Insurance companies charge prescription co-pays in tiers. Unsurprisingly, name-brand drugs cost more than generics. If there isn’t a generic version of your medication, visit the drug manufacturer’s website and look for a “co-pay savings card” to lower the cost. Also, check for manufacturer coupons. 

Similar to shopping at Costco or Sam’s Club, buying in bulk can save you. Ask your doctor about writing your maintenance prescriptions (medication you take all the time) as a 90-day supply instead of 30. Many policies only charge double for a three-month supply, essentially giving you a buy two, get the third free deal. 

Your co-pay fee may not be the best price. Platforms like GoodRx, Amazon Pharmacy, and TrumpRx may offer your medication at a lower fee. The catch is that, by not using your insurance, the amount you pay isn’t going toward your deductible. 
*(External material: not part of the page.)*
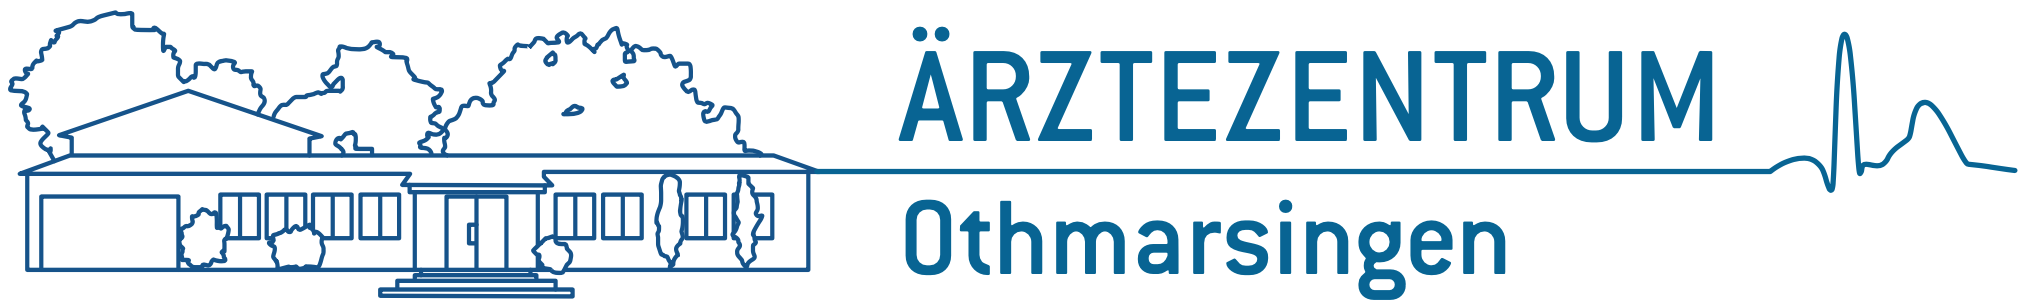 Aerztezentrum Othmarsingen Logo

5. Shop Around for Medical Tests

Facility fees started appearing around 25 years ago to cover the high overhead of hospital-based facilities. But they’ve shot up more than 530% since their origins, and they’re often still a surprise for some of us that were used to just getting one bill from our doctor. 

So, if you need bloodwork, an MRI, a CAT scan, or the like, check out the total price at different locations. For instance, going to a LabCorp or Quest Diagnostics can be a third of the cost compared to a hospital lab. An independent imaging center may charge less than half for an MRI.